Termina uma união estável e, junto com o fim do relacionamento, surge um emaranhado de dúvidas sobre partilha de bens, pensão e herança. Um estudo das pesquisadoras Andrea de Almeida Brito, mestranda em direito pela Universidade Católica de Salvador, e Rita de Cássia Simões Moreira Bonelli, doutora em família na sociedade contemporânea, mostra que, mesmo décadas depois de reconhecida pela Constituição, a dissolução desse tipo de união segue sendo um dos temas mais complexos do direito de família brasileiro.
De acordo com uma investigação partilhada pela revista Qualis A Open Minds (propriedade do CPAH, o Centro de Pesquisa e Análises Heráclito, sob gestão técnica da Editora Atena), a informalidade que caracteriza esse tipo de relacionamento é, ao mesmo tempo, sua maior vantagem e sua principal fragilidade jurídica.
De concubinato a entidade familiar protegida pela Constituição
Até 1988, apenas o casamento formal era reconhecido como família legítima no Brasil.

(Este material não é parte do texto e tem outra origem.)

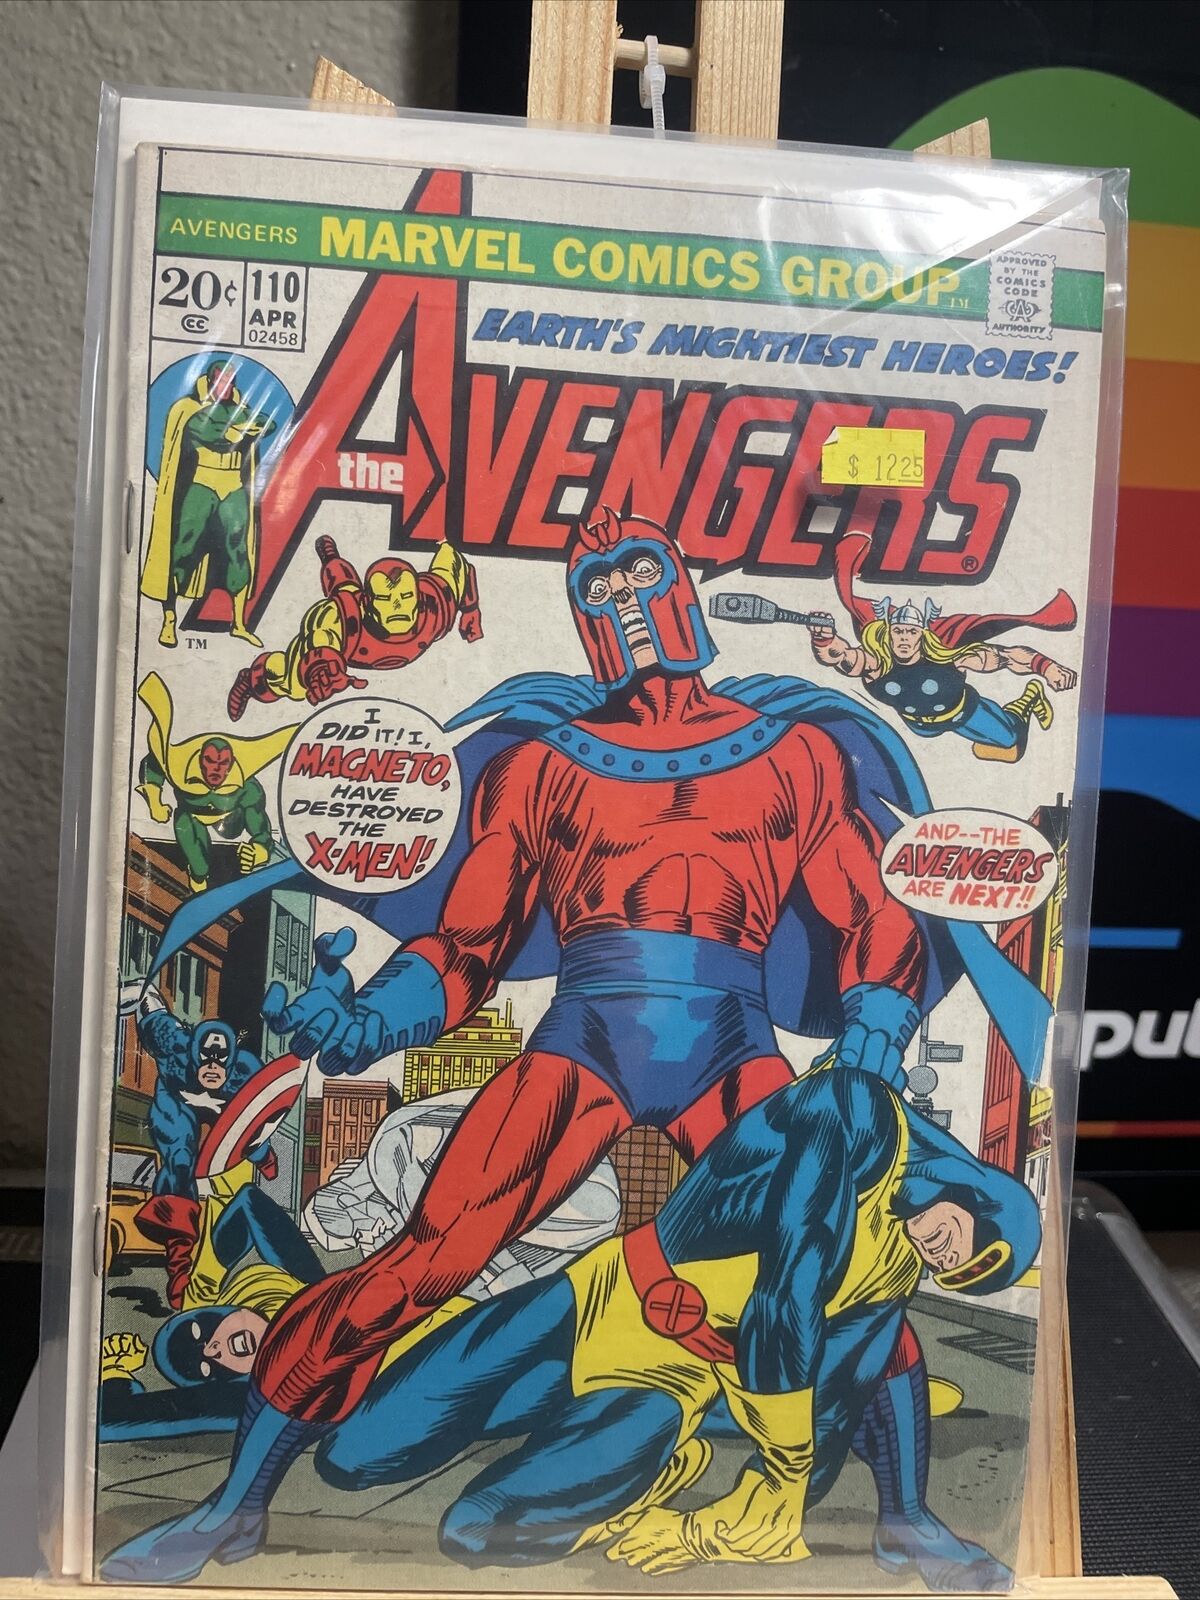 The Avengers #110 (Marvel Comics April 1973)

A Constituição Federal daquele ano mudou esse cenário ao incluir, no artigo 226, a união estável entre as formas de família merecedoras de proteção do Estado. Anos depois, o Código Civil de 2002 passou a regular o tema de forma mais detalhada, nos artigos 1723 a 1727.
O problema começa quando o relacionamento acaba
Segundo as autoras, é justamente na hora da separação que a ausência de registros formais gera insegurança jurídica. Sem escritura pública ou contrato de convivência, provar o início da relação, a duração e até a existência da própria união pode se tornar uma batalha judicial longa e desgastante.
Herança foi o ponto mais criticado da legislação
Um dos capítulos mais sensíveis da pesquisa trata da herança. Até 2017, o artigo 1790 do Código Civil garantia ao companheiro sobrevivente uma fatia menor da herança do que a destinada ao cônjuge, podendo o parceiro até disputar bens com parentes distantes do falecido. O Supremo Tribunal Federal considerou o dispositivo inconstitucional no julgamento do Recurso Extraordinário 878694, equiparando os direitos sucessórios de companheiros e cônjuges.
O que ajuda a evitar conflitos
O estudo aponta caminhos para reduzir disputas futuras entre casais que optam pela união estável em vez do casamento civil. Entre as recomendações estão:
• formalizar a união por meio de escritura pública em cartório
• firmar contrato de convivência definindo o regime de bens
• manter registros e provas da vida em comum, como contas conjuntas e testemunhas
• buscar mediação familiar em caso de conflito, antes de judicializar a disputa
Liberdade tem preço
Apesar dos riscos, as pesquisadoras destacam que a união estável segue sendo, para muitos casais, sinônimo de liberdade e menos burocracia. O desafio, segundo o estudo, é garantir que essa flexibilidade não se transforme em vulnerabilidade financeira e emocional na hora do rompimento.
Este conteúdo é informativo, baseado em um estudo científico, e não substitui a consulta a um advogado ou profissional do direito de família. Em caso de dúvida sobre uma situação específica, procure orientação jurídica especializada.